Download a PDF of this article: Part 1, 2, 3
An ATM router design is not something to take lightly under the best of circumstances. When the router must work intimately with RF links to its clients, provide service at up to 100 Mbits/second to each client and achieve an aggregate bandwidth of 6 Gbits/s, the challenges only get more formidable. Clearly this will be a design with a large number of sophisticated ASICs.
But add in one more detail: The whole assembly -- RF, modems and router -- will be living in a geosynchronous orbit, exposed to continuous radiation and beyond the reach of any conceivable repair or field upgrade.

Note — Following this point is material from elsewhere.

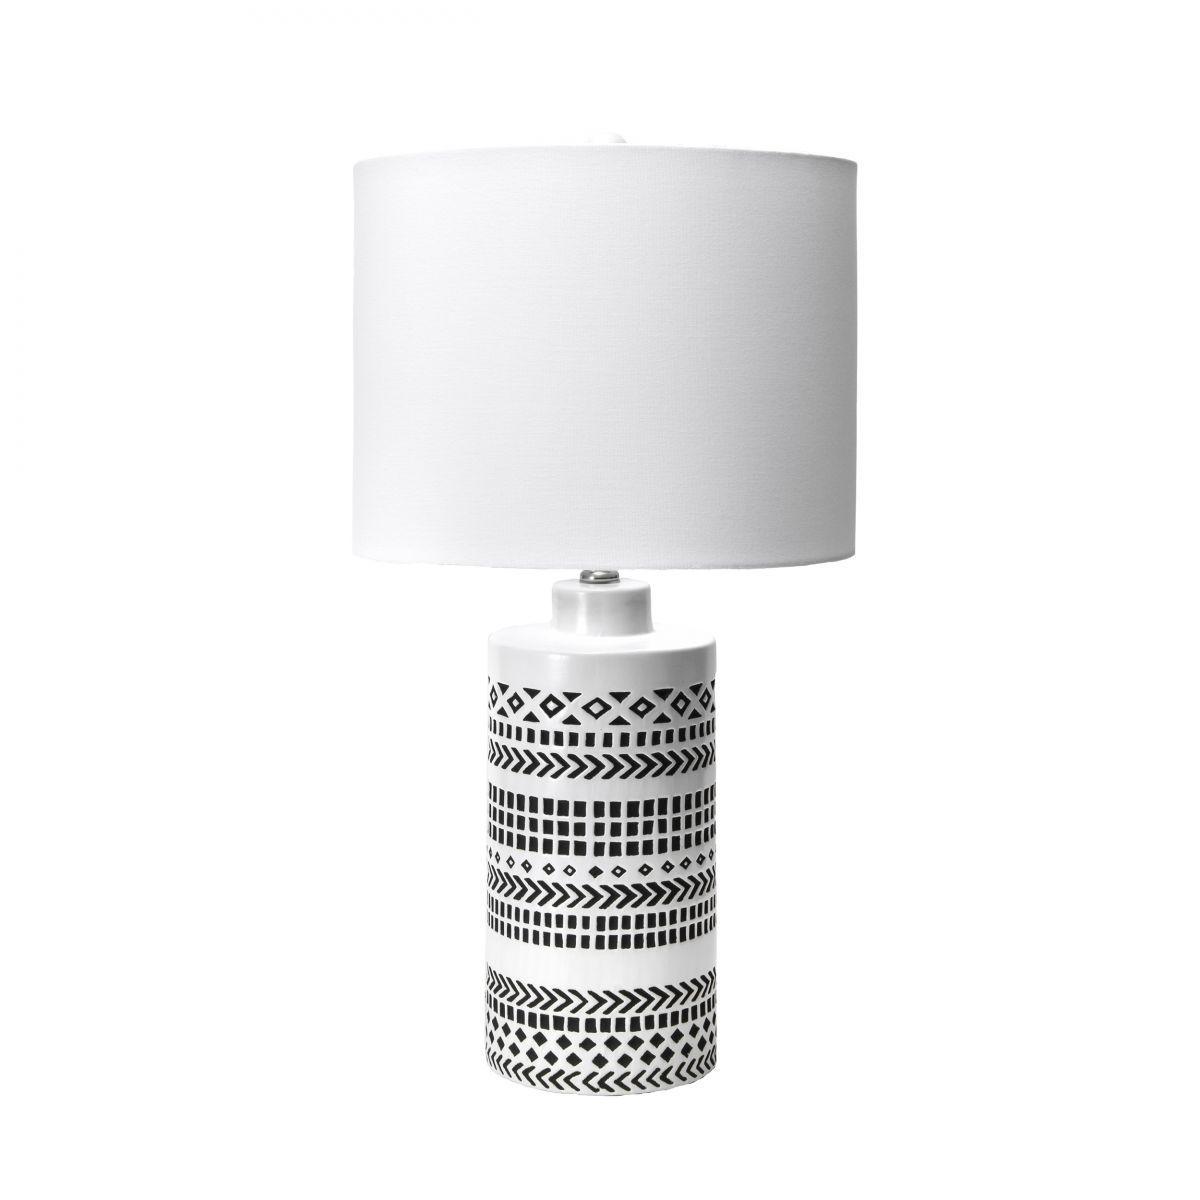 Alva 24 Inch Tribal Striped Ceramic Vase Table Lamp Off White Lamp In 2020 Vase Table Lamp Black Table Lamps Table Lamp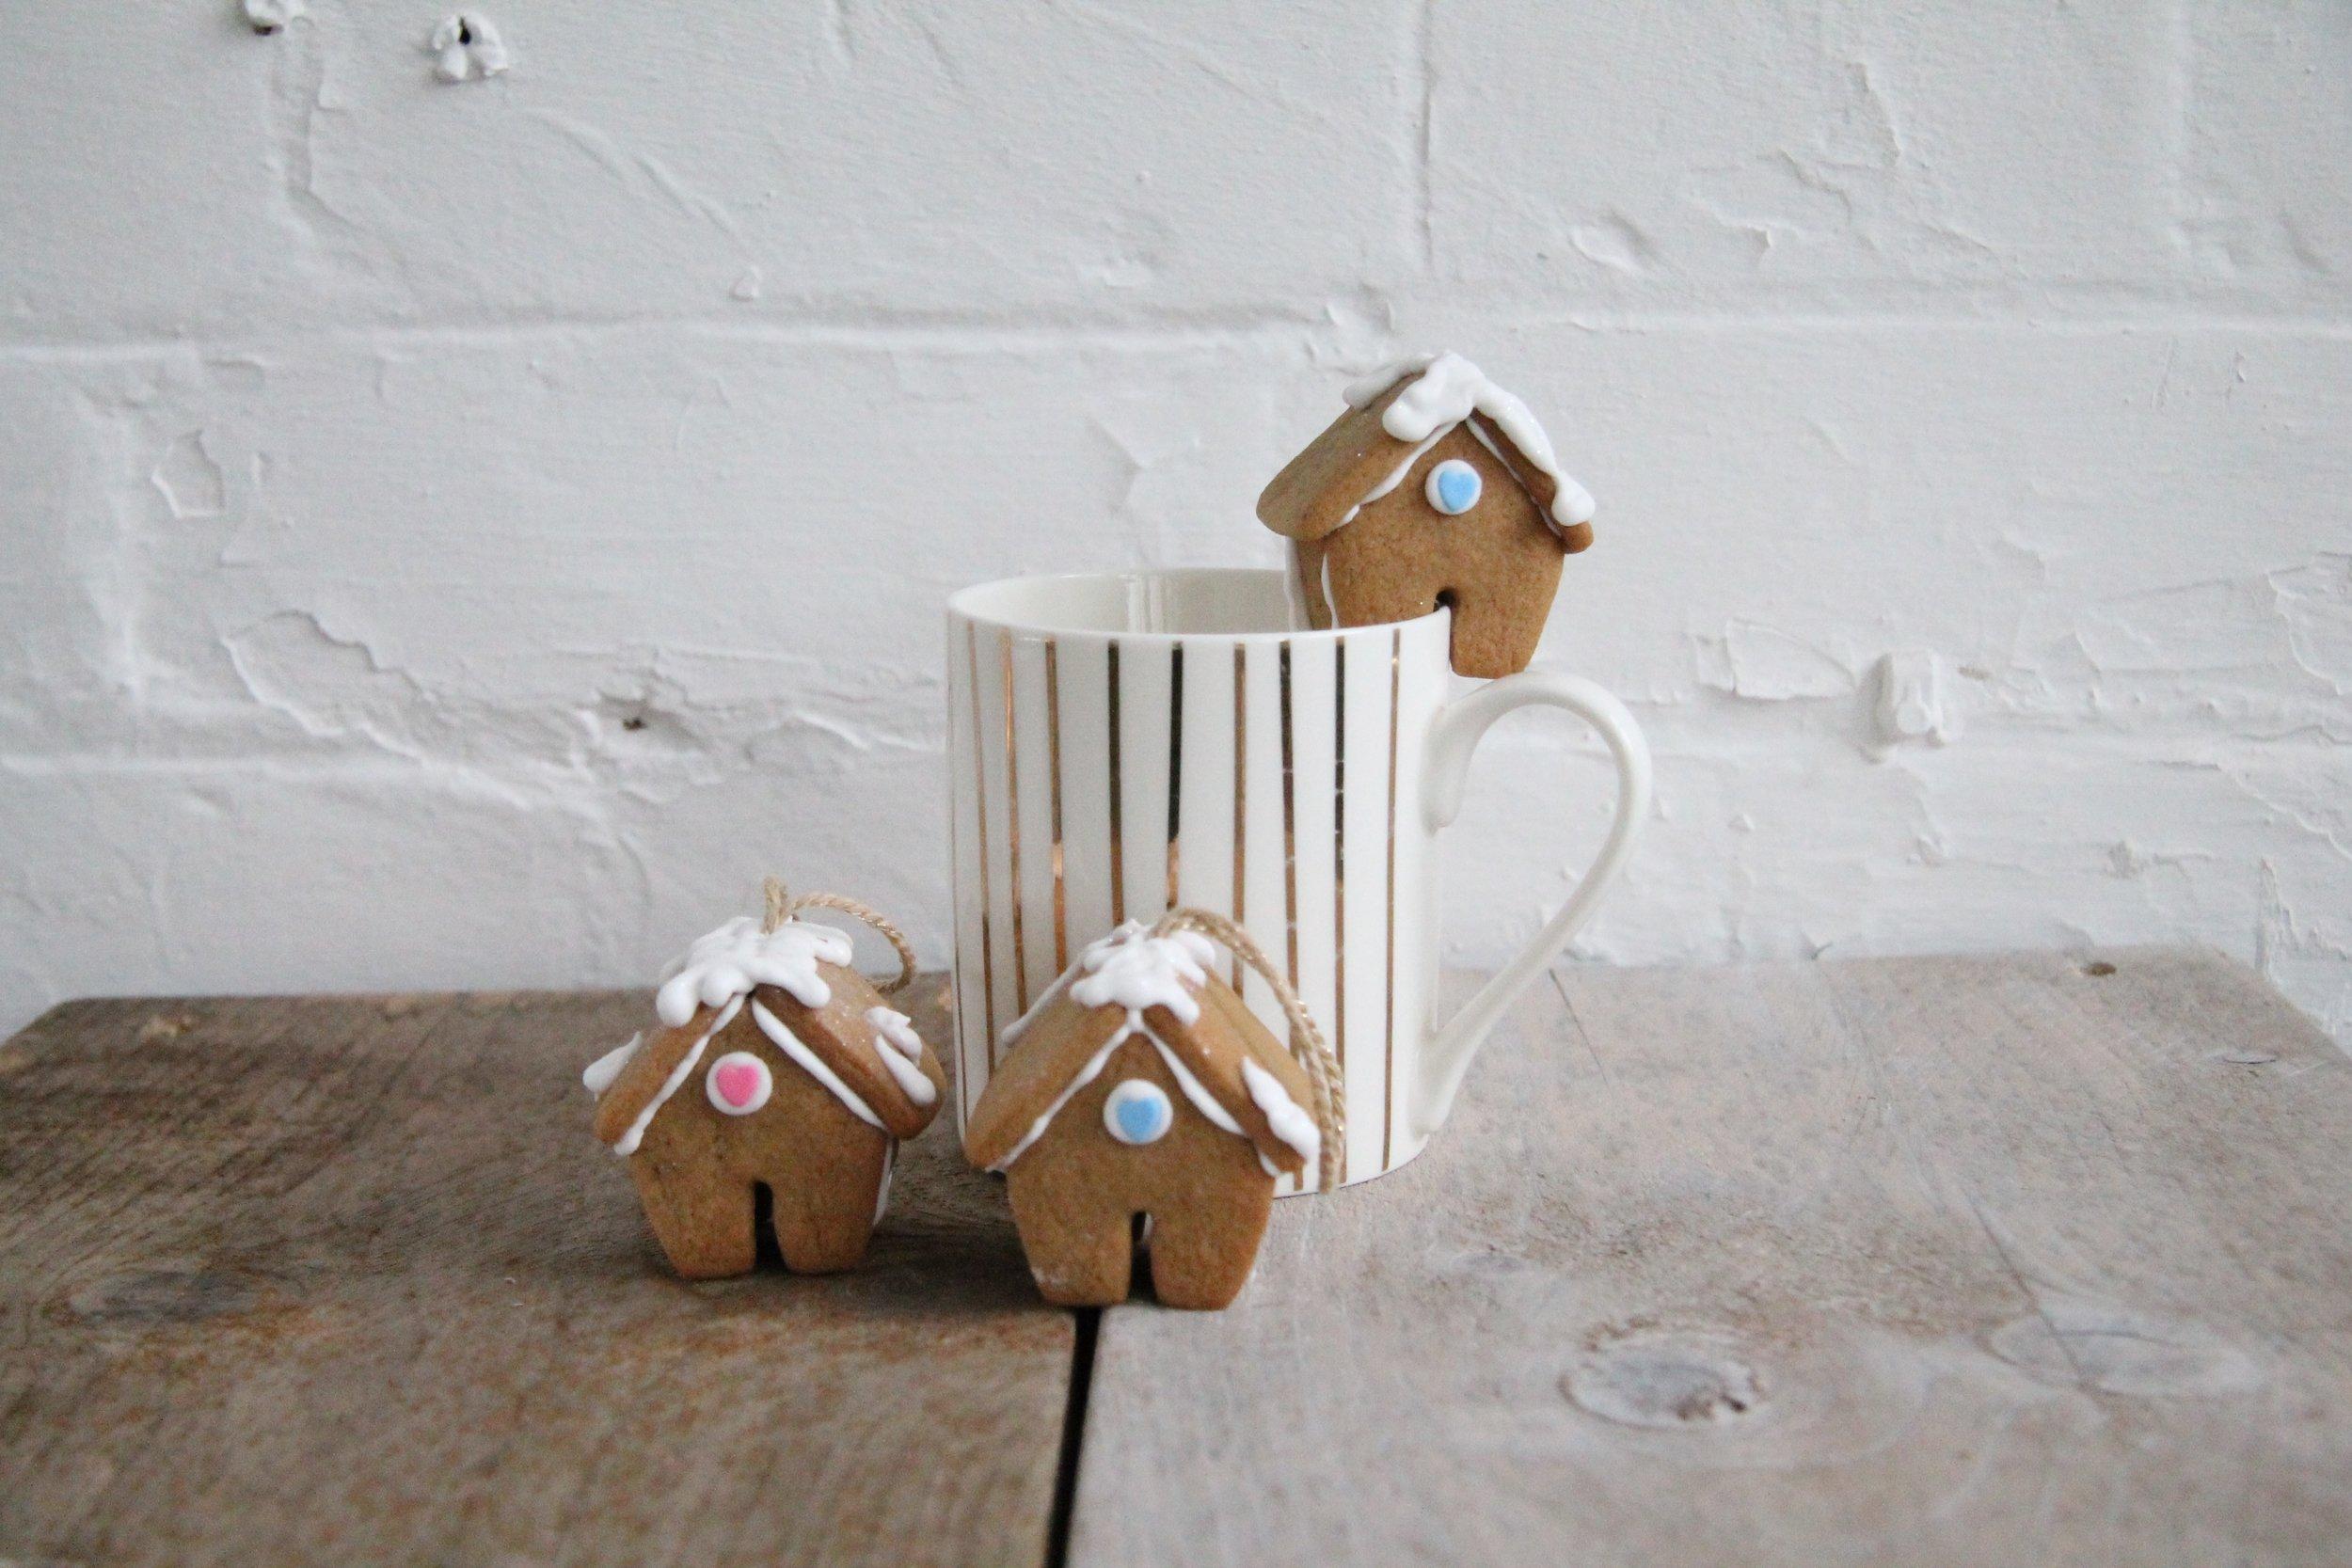 Ginger bread house mug hangers

Now you have an interesting chip design.
This is the design that TRW's Astrolink payload team undertook. Altogether, the satellite payload required 10 different ASIC designs, four of which have more than 1 million gates and one of which -- the channelizer/demodulator chip that turns a digitized bit stream from the antenna amplifiers into a stream of ATM packets -- is a 5.5 million-gate monster.
All 10 chips were completed in the 19-month project window, and all the chips worked on the first pass -- a tribute to a methodology tuned to the most unforgiving of environments. The chips were developed by TRW in conjunction with ASIC vendor Fujitsu Microelectronics in that company's 0.25-micron, four-metal CMOS CE-71 and CS-71 processes.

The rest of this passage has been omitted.